I created a document with about 160 pages and 340.000 words in English language as ODT file. Scribbr's proofreading service only accepts DOC and DOCX files. For this reason, the document has been saved as DOCX file and I suppose it was edited (commented) using Microsoft Word.
When I open the commented file from Scribbr's proofread service Writer constantly uses about 25% (or one full core) of my CPU making it hard to navigate in the document and edit another one or use other applications. Additionally, the Writer crashes if it tries to auto-save the problematic DOCX file and another document.
As soon as I close the DOCX file from Scribbr, everything's back to normal. I suspect they may (unwittingly) infected my document with problematic content or changed the document in a way that the Writer behaves this way. Their support did not investigate this problem at their site.
Steps to Reproduce:
1. Create a document with about 160 pages and 340.000 words and save it as ODT.
2. Save the same document as DOCX file.
3. Upload it at Scribbr's proofreading service and receive a corrected version.
4. Open the corrected DOCX file.
The problem persists.
A commented DOCX file should use that much CPU time.
User Profile Reset: Yes
Version: 22.214.171.124 (X86_64) / LibreOffice Community
Build ID: 50(Build:2)
CPU threads: 4; OS: Linux 6.4; UI render: default; VCL: gtk3
Locale: en-US (de_DE.utf8); UI: de-DE
Please attach your DOCX problem file here
I'm unsure about this. As this is my master's thesis and it contains some personally identifiable information. Is there a way to provide the file only to the small group of people working on that issue?
I uploaded it into NextCloud and share the password-protected link: https://hea.ven.uber.space/s/R5Gfj9PyYwSDHwp
My suggestion is that an offcial representative of The Document Foundation contacts me to get access to this file. Would that be working?
[Automated Action] NeedInfo-To-Unconfirmed
Could you please provide a sample file?
(In reply to this.ven from comment #2)
> I'm unsure about this. As this is my master's thesis and it contains some
> personally identifiable information. Is there a way to provide the file only
> to the small group of people working on that issue?

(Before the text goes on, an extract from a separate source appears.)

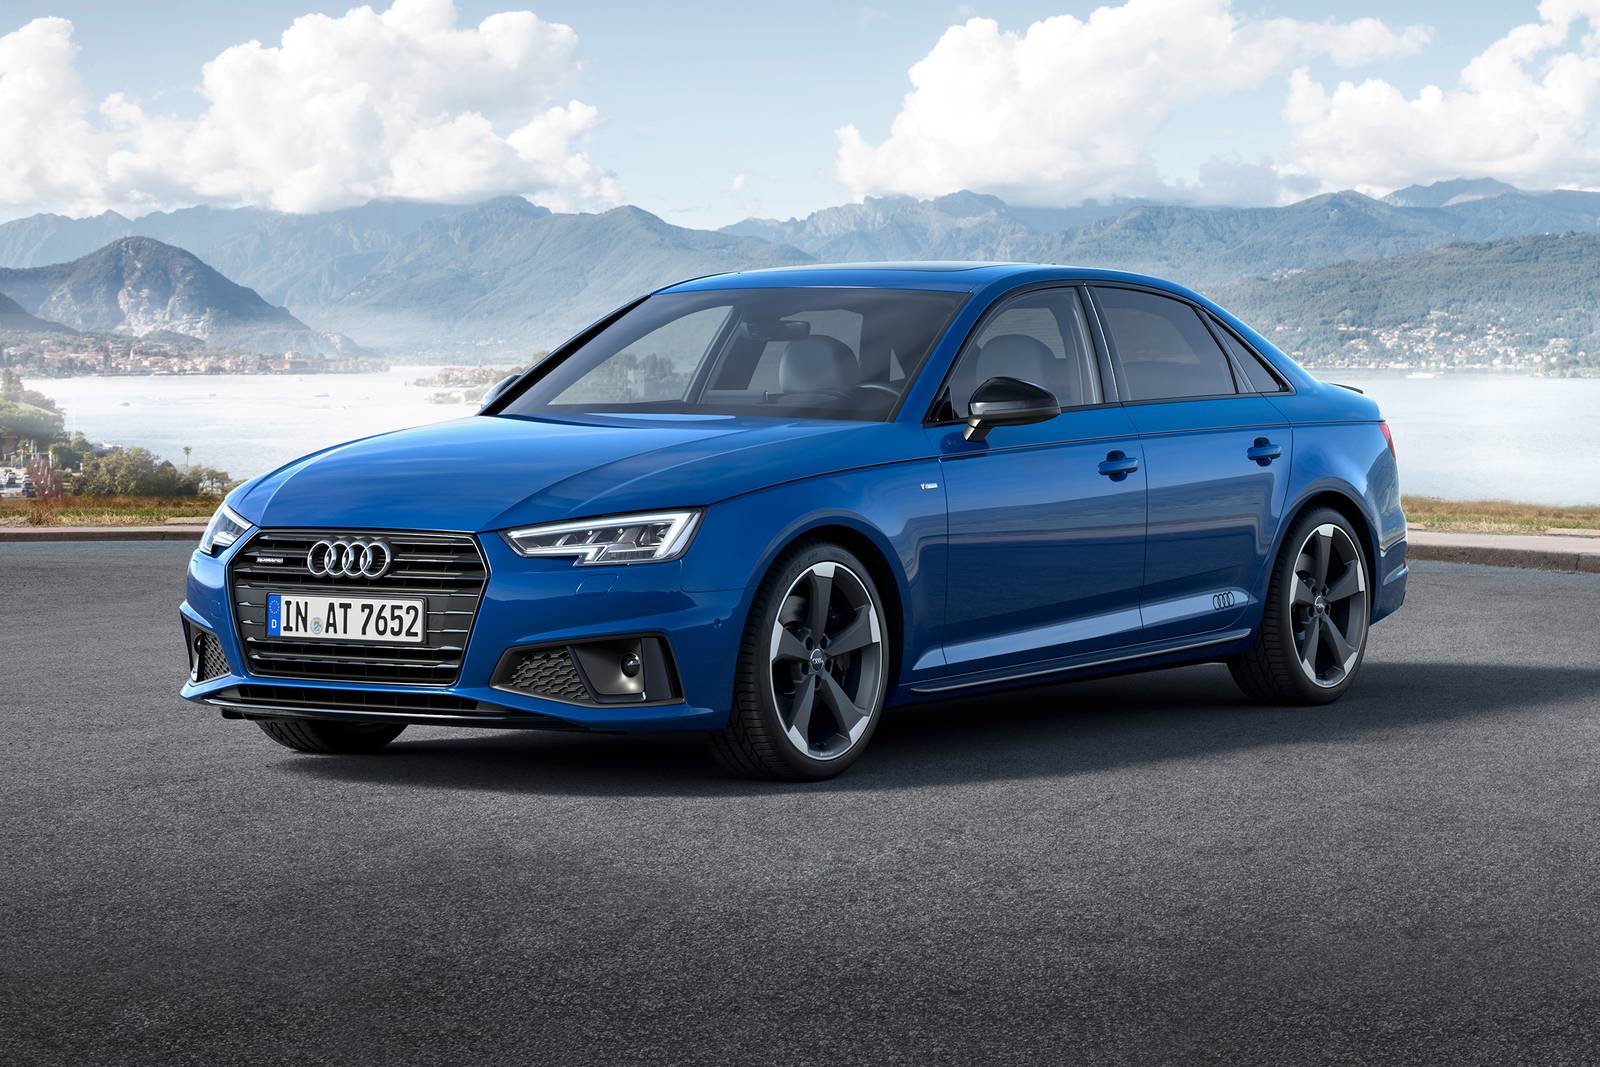 2019 Audi A4 Review & Ratings | Edmunds

You could try sanitising it: https://wiki.documentfoundation.org/QA/Bugzilla/Sanitizing_Files_Before_Submission
If the sanitised version still exhibits the problem, you could upload it.
Created attachment 188900 [details]
Problematic DOCX file causing high CPU usage on open, but not after saving it
I sanitized the file according to the link you provided. It is now almost half the size of 1,3 MB as opposed to the original weighing 2,5 MB. The problem persists when opening the file.
However, I observed that the high CPU usage suddenly stopped after saving the changes for sanitization. Hopefully you can still reproduce the behavior. If I freshly open the file again the CPU usage is high again.
Thanks, I reproduce the CPU use which continues for a while after opening the document. There are reports like bug 60418 for "excessive" amounts of comments, but this doc does not have thousands of them.
Arch Linux 64-bit, X11
Version: 126.96.36.199 (X86_64) / LibreOffice Community
Build ID: 50(Build:2)
CPU threads: 8; OS: Linux 6.4; UI render: default; VCL: kf5 (cairo+xcb)
Locale: fi-FI (fi_FI.UTF-8); UI: en-US
Calc: CL threaded
Opening this document was pretty tolerable up until 7.3 (~30 sec load+layout), broke first (to ~2 min 20-30sec load+layout) sometime in the 7.4 cycle.
Master is even worse, falls into a layout loop(?) - killed the process after 10 minutes. This started sometime after 7.6, that was still in the 2.5 minute range. A double regression :(.
I can not bibisect it. I get a crash.
(In reply to Gabor Kelemen (allotropia) from comment #8)
> Opening this document was pretty tolerable up until 7.3 (~30 sec
> load+layout), broke first (to ~2 min 20-30sec load+layout) sometime in the
> 7.4 cycle.
Bibisected with linux-64-7.4 to 3b0a0e70cb67fc2e1f9999d2e8cbb9cfcd8c670e
Related tdf#66039 DOCX import: fix Z-order of group shapes
I only had to do a couple of git bisect skips due to crashes.
> Master is even worse, falls into a layout loop(?) - killed the process after
> 10 minutes. This started sometime after 7.6, that was still in the 2.5
> minute range. A double regression :(.
I will leave this as an exercise to someone else.